**Dataset content**
--

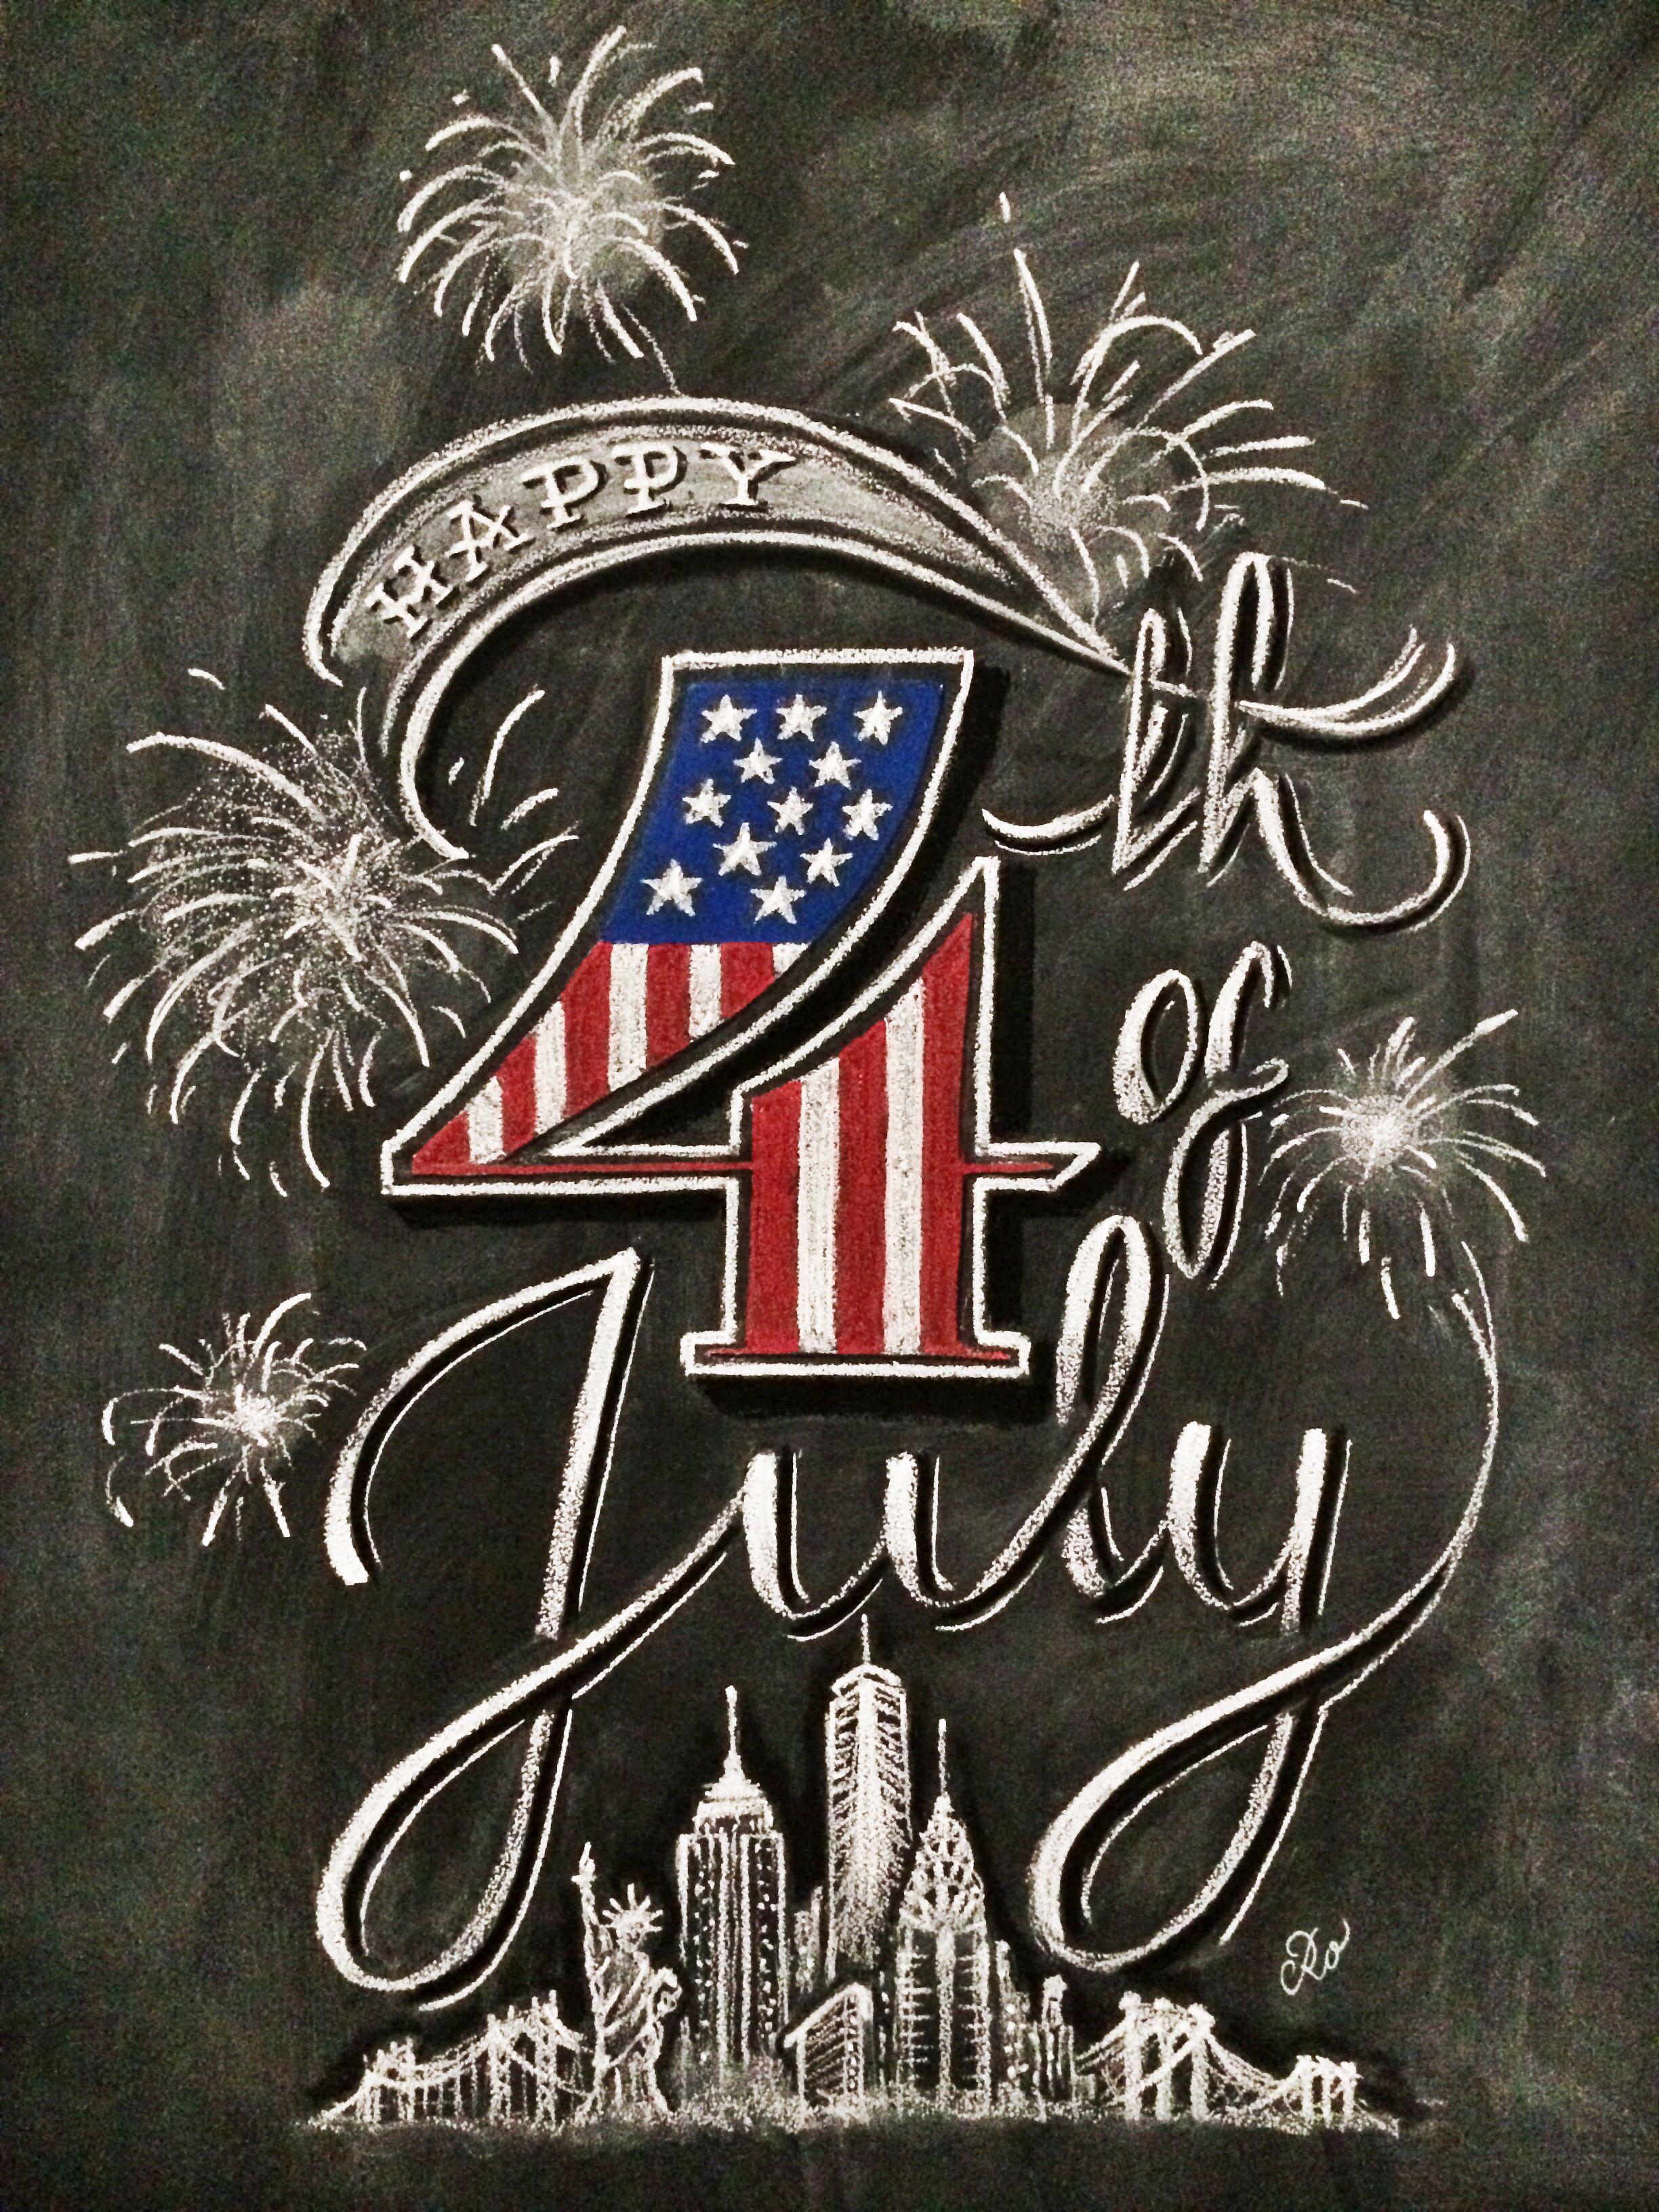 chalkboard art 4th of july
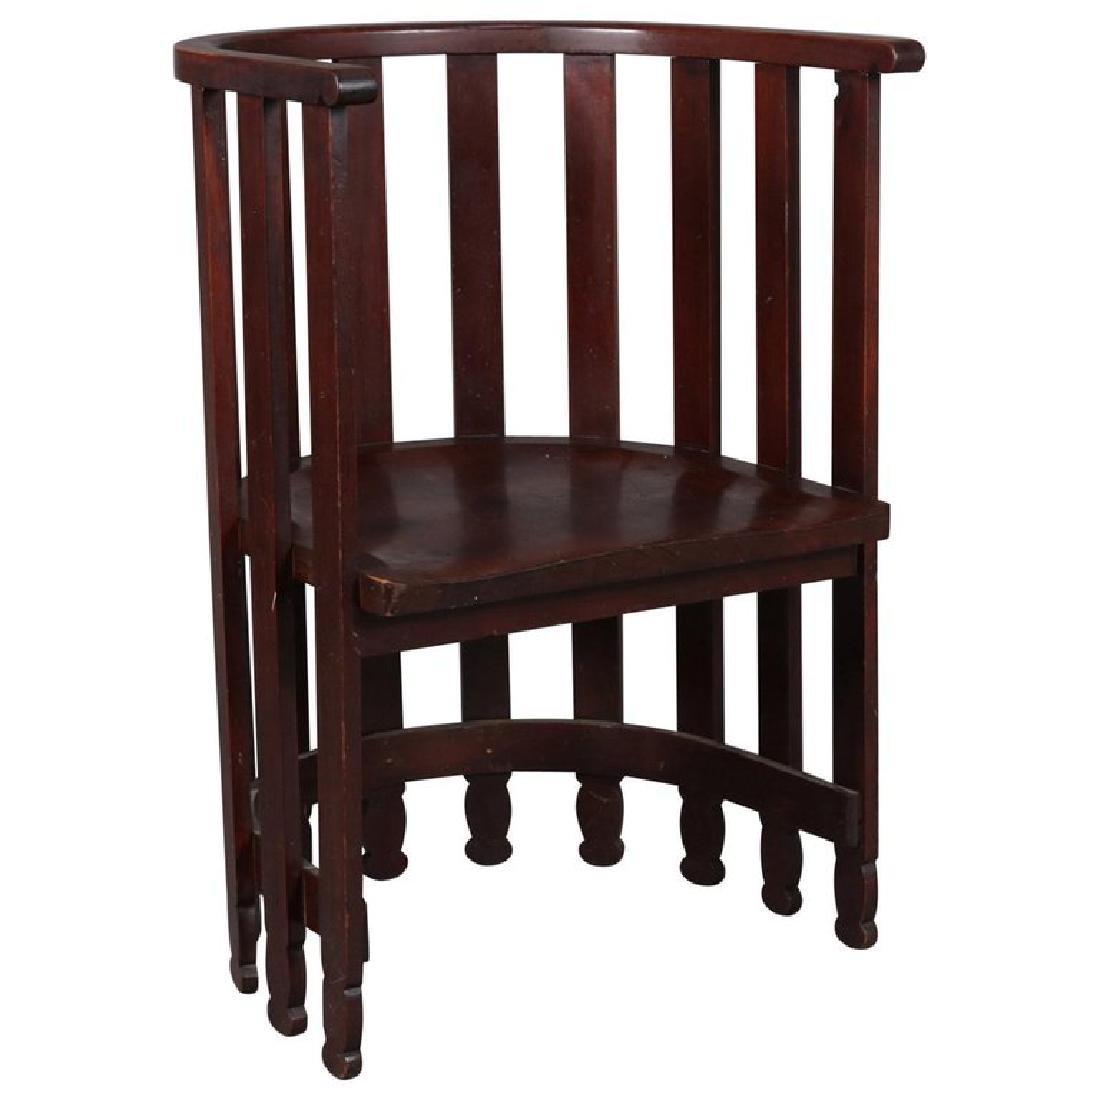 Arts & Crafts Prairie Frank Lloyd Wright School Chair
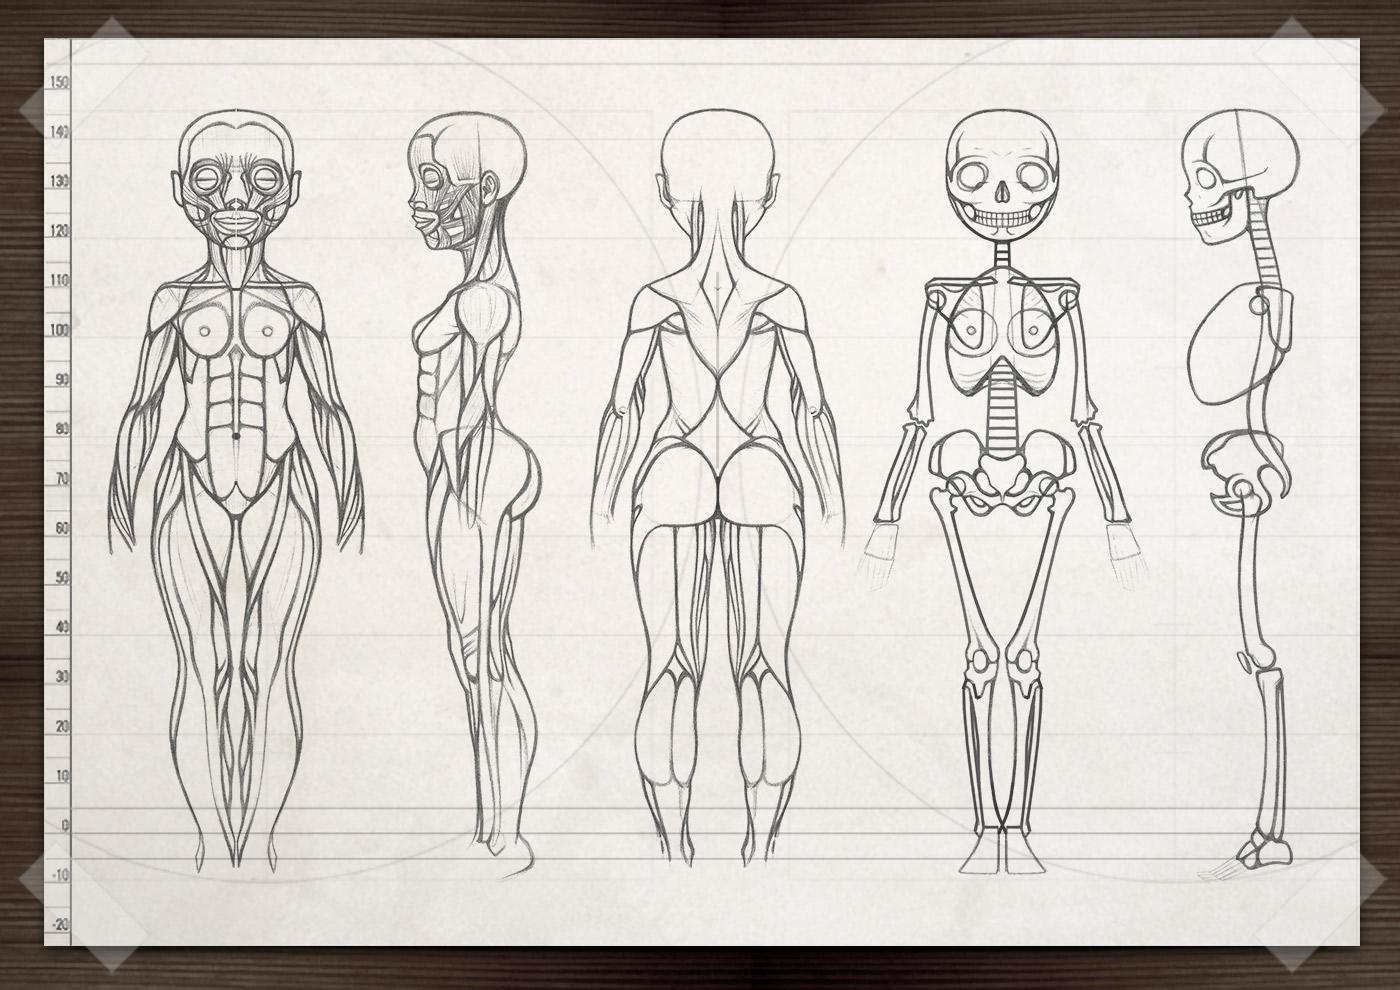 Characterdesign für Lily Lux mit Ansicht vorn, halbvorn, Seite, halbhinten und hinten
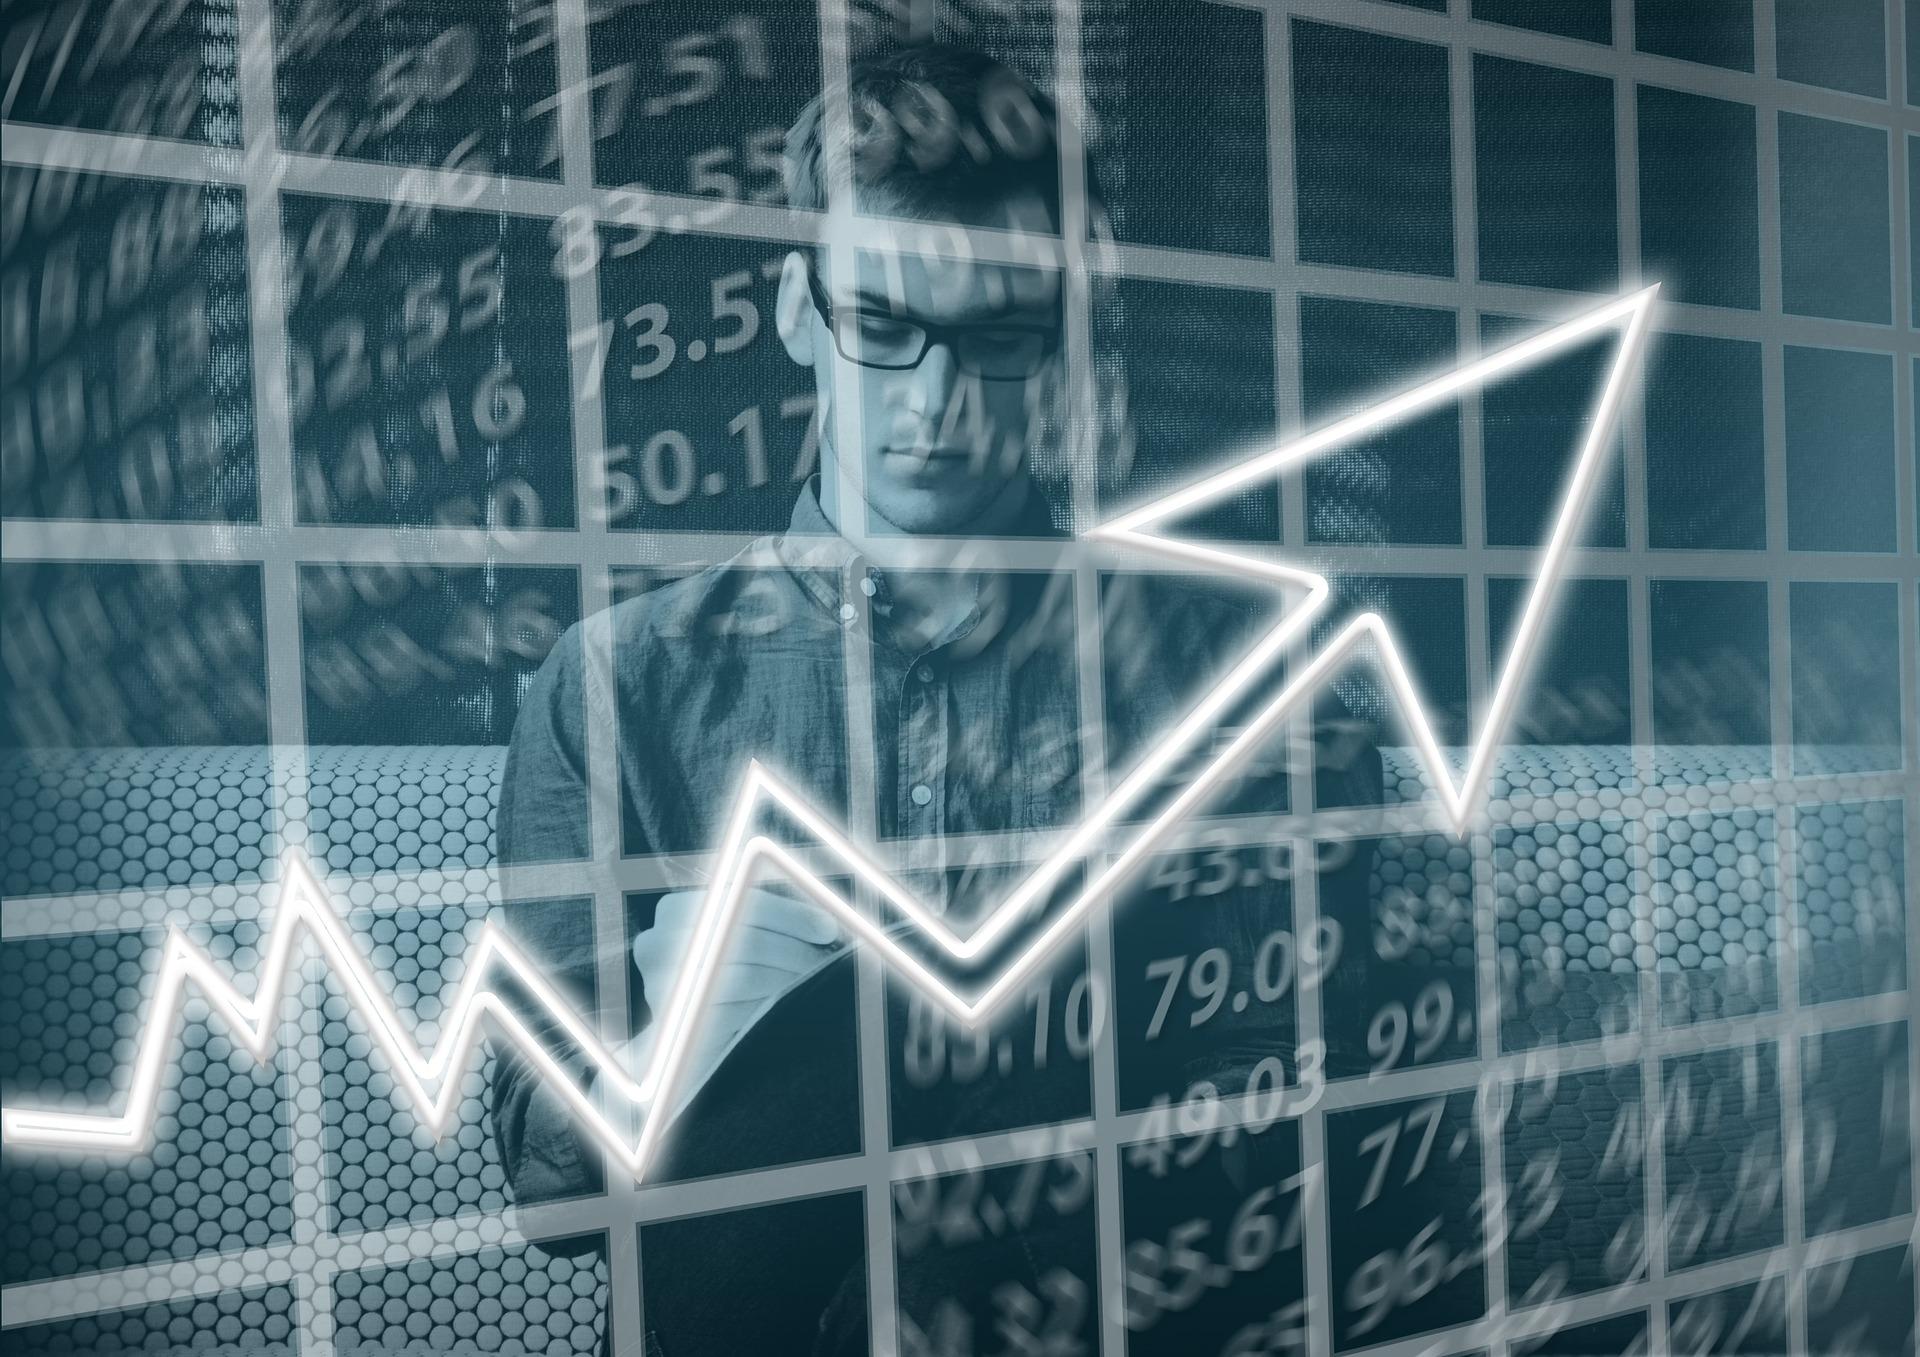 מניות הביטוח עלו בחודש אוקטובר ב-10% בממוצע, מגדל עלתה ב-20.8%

--

**Aim of the task**
Your answer should contain all the material above, written out exactly, and none of the pictures.

**Written solution**
 chalkboard art 4th of july
 Arts & Crafts Prairie Frank Lloyd Wright School Chair
 Characterdesign für Lily Lux mit Ansicht vorn, halbvorn, Seite, halbhinten und hinten
 מניות הביטוח עלו בחודש אוקטובר ב-10% בממוצע, מגדל עלתה ב-20.8%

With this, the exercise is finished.